美国宾夕法尼亚大学Evan W. Weber和斯坦福大学医学院Crystal L. Mackall研究组合作取得一项新突破。他们发现FOXO1是嵌合抗原受体（CAR）T细胞记忆编程的主调节因子。相关论文发表在2024年4月10日出版的《自然》杂志上。

研究人员发现转录因子FOXO1促进人CAR T细胞的记忆和抑制细胞耗竭。药物抑制或基因编辑内源性FOXO1会减少记忆相关基因的表达，促进衰竭样表型的形成，并损害CAR T细胞的抗肿瘤活性。过表达FOXO1会诱导与T细胞记忆一致的基因表达程序，并增加FOXO1结合基序的染色质可及性。过表达FOXO1的CAR T细胞在慢性刺激条件下仍能保持其功能、记忆潜能和新陈代谢能力，并在体内表现出更强的持久性和肿瘤控制能力。

相比之下，TCF1（由TCF7编码）的过表达并没有增加典型记忆程序或增强CAR T细胞的效力。值得注意的是，FOXO1的活性与CAR T细胞或肿瘤浸润淋巴细胞治疗患者的临床疗效相关，这突显了FOXO1在癌症免疫治疗中的临床意义。该研究结果表明，过表达FOXO1可以提高人CAR T细胞的抗肿瘤活性，并暗示记忆重编程是优化治疗性T细胞状态的一种广泛适用方法。

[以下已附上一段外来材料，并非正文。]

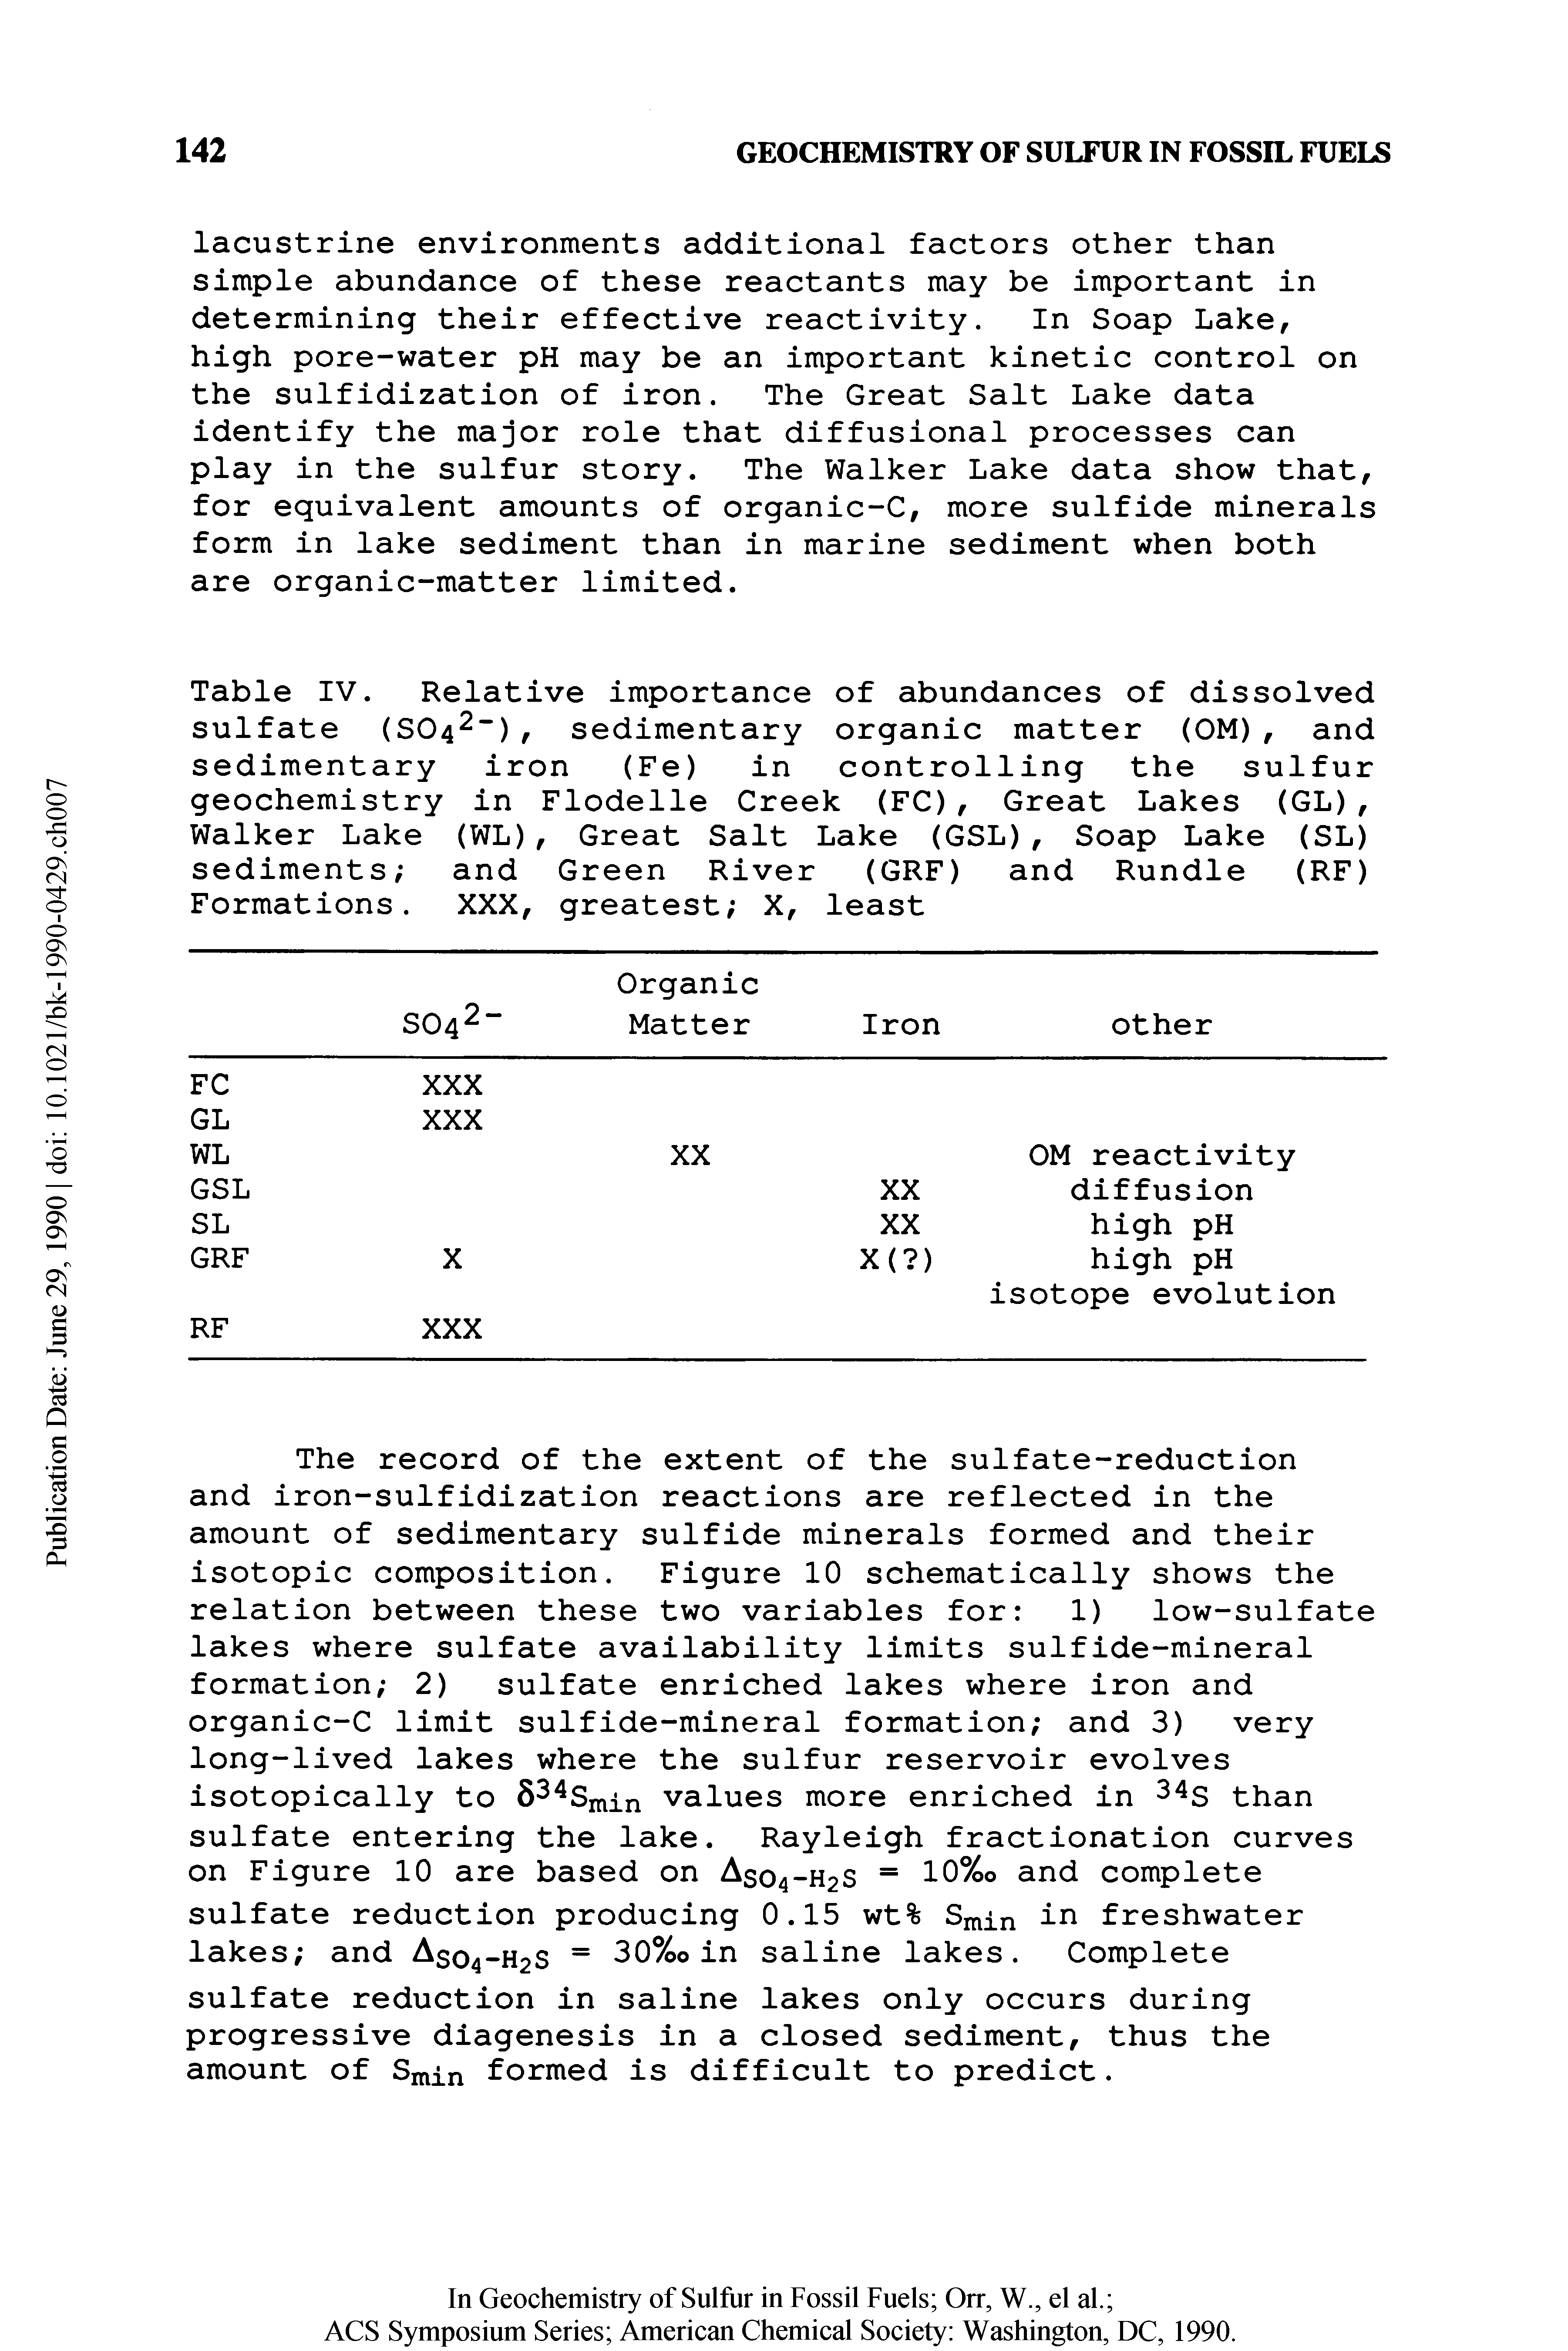 Table IV. Relative importance of abundances of dissolved sulfate (S042-), sedimentary organic matter (OM), and sedimentary iron (Fe) in controlling the sulfur geochemistry in Flodelle Creek (FC), Great Lakes (GL), Walker Lake (WL), Great Salt Lake (GSL), Soap Lake (SL) sediments and Green River (GRF) and Rundle (RF) Formations. XXX, greatest X, least...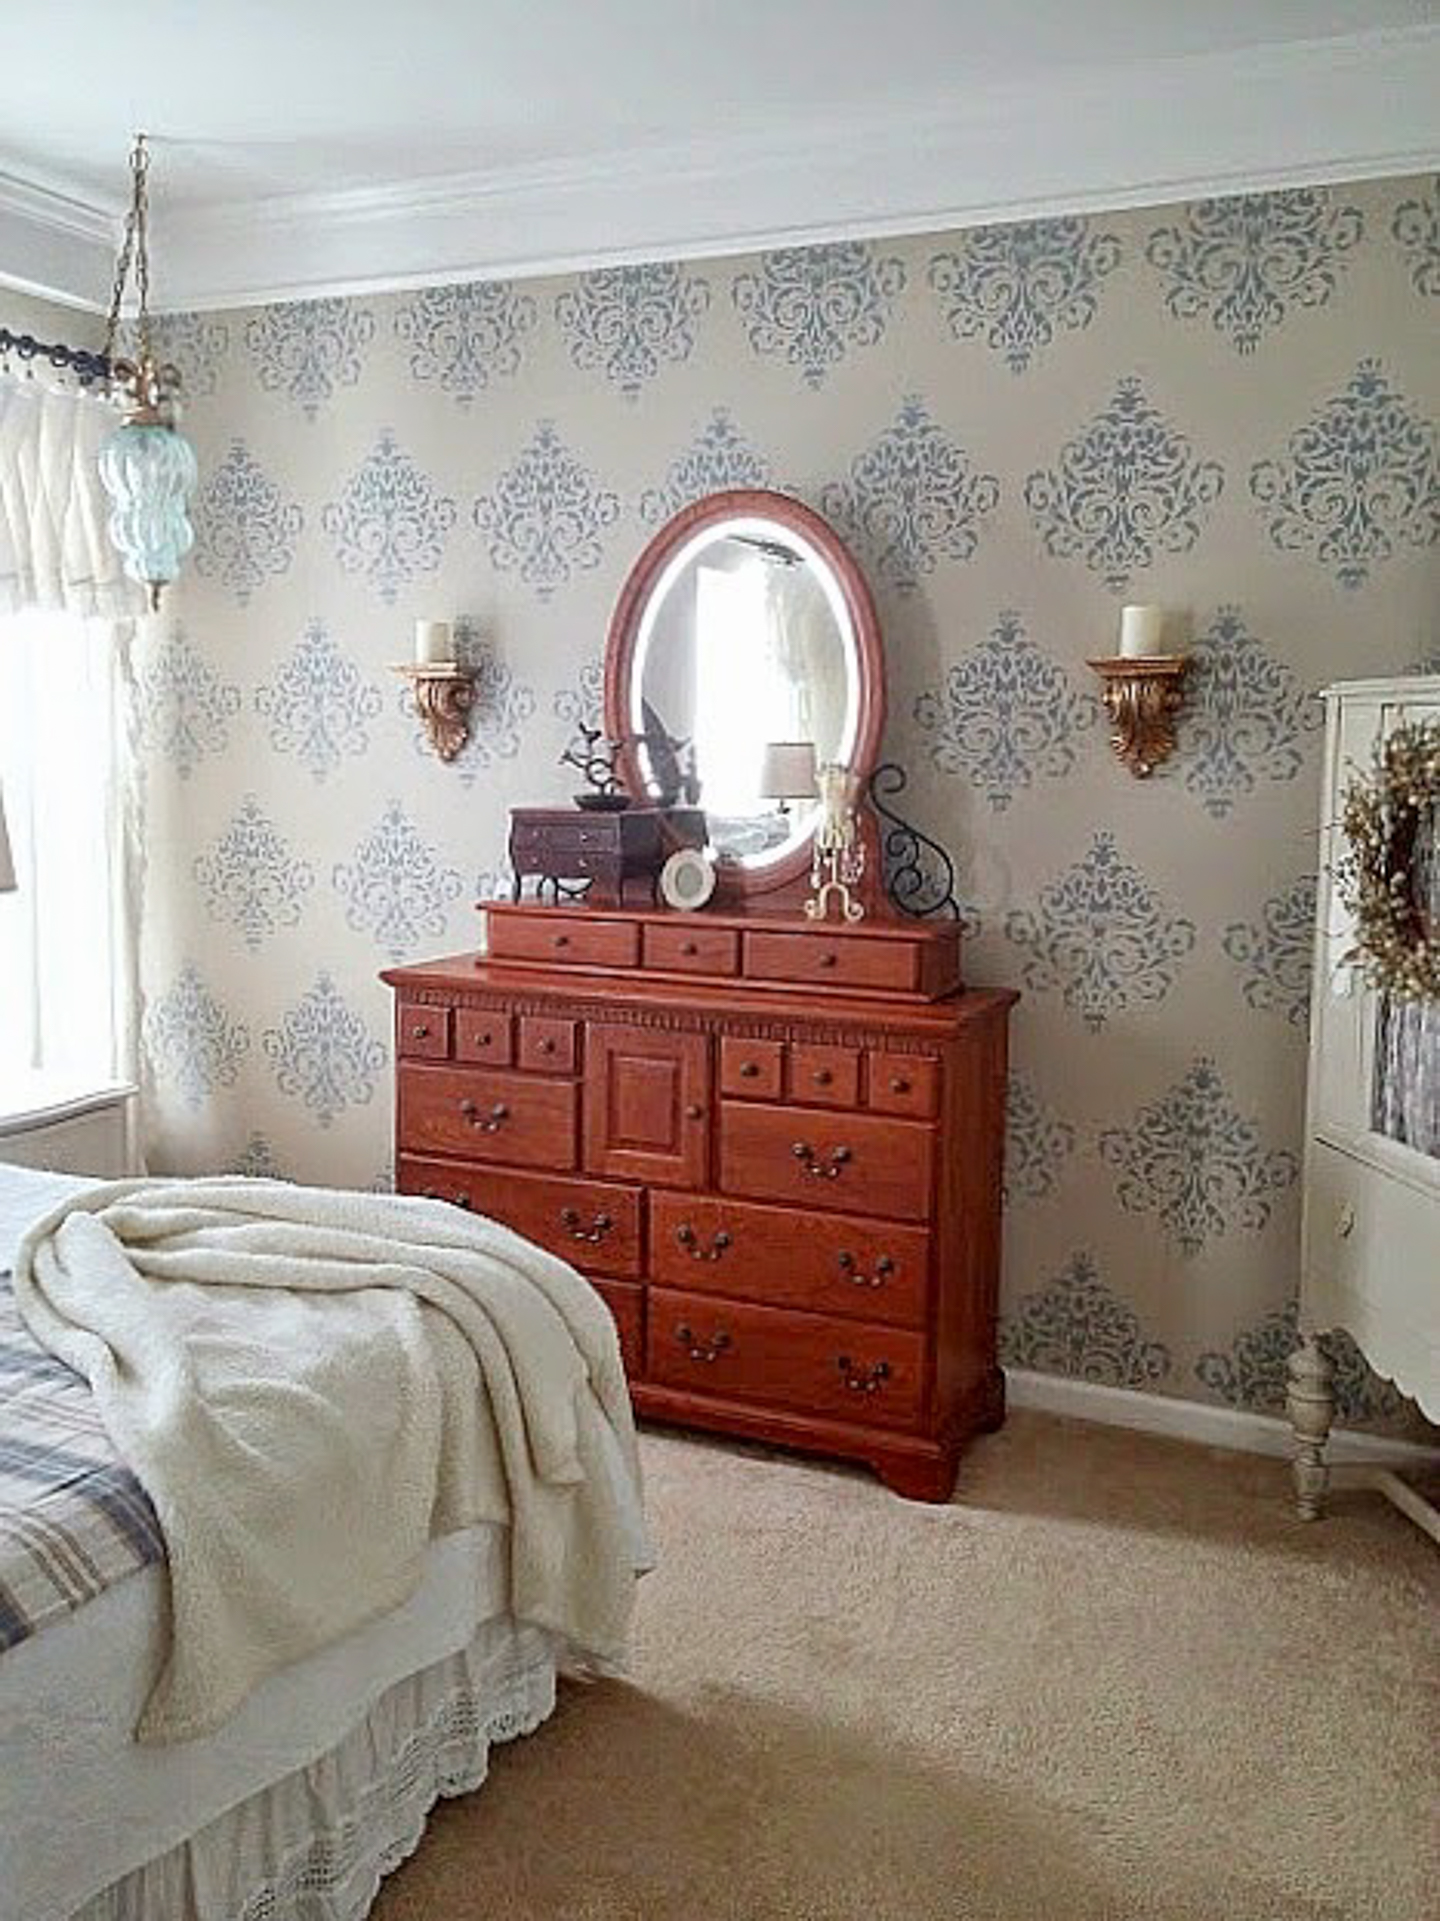 Bedroom wall painted with a damask stencil via diybeautify.com

据悉，CAR T细胞疗法的一个主要局限是这些细胞不能持续在体内存活。CAR T细胞中记忆相关基因的表达与其在患者体内的长期存活和临床疗效有关，这表明记忆程序可能是CAR T细胞持久功能的基础。

附：英文原文

Title: FOXO1 is a master regulator of memory programming in CAR T cells

Author: Doan, Alexander E., Mueller, Katherine P., Chen, Andy Y., Rouin, Geoffrey T., Chen, Yingshi, Daniel, Bence, Lattin, John, Markovska, Martina, Mozarsky, Brett, Arias-Umana, Jose, Hapke, Robert, Jung, In-Young, Wang, Alice, Xu, Peng, Klysz, Dorota, Zuern, Gabrielle, Bashti, Malek, Quinn, Patrick J., Miao, Zhuang, Sandor, Katalin, Zhang, Wenxi, Chen, Gregory M., Ryu, Faith, Logun, Meghan, Hall, Junior, Tan, Kai, Grupp, Stephan A., McClory, Susan E., Lareau, Caleb A., Fraietta, Joseph A., Sotillo, Elena, Satpathy, Ansuman T., Mackall, Crystal L., Weber, Evan W.

Issue&Volume: 2024-04-10

Abstract: A major limitation of chimeric antigen receptor (CAR) T cell therapies is the poor persistence of these cells in vivo1. The expression of memory-associated genes in CAR T cells is linked to their long-term persistence in patients and clinical efficacy2,3,4,5,6, suggesting that memory programs may underpin durable CAR T cell function. Here we show that the transcription factor FOXO1 is responsible for promoting memory and restraining exhaustion in human CAR T cells. Pharmacological inhibition or gene editing of endogenous FOXO1 diminished the expression of memory-associated genes, promoted an exhaustion-like phenotype and impaired the antitumour activity of CAR T cells. Overexpression of FOXO1 induced a gene-expression program consistent with T cell memory and increased chromatin accessibility at FOXO1-binding motifs. CAR T cells that overexpressed FOXO1 retained their function, memory potential and metabolic fitness in settings of chronic stimulation, and exhibited enhanced persistence and tumour control in vivo. By contrast, overexpression of TCF1 (encoded by TCF7) did not enforce canonical memory programs or enhance the potency of CAR T cells. Notably, FOXO1 activity correlated with positive clinical outcomes of patients treated with CAR T cells or tumour-infiltrating lymphocytes, underscoring the clinical relevance of FOXO1 in cancer immunotherapy. Our results show that overexpressing FOXO1 can increase the antitumour activity of human CAR T cells, and highlight memory reprogramming as a broadly applicable approach for optimizing therapeutic T cell states.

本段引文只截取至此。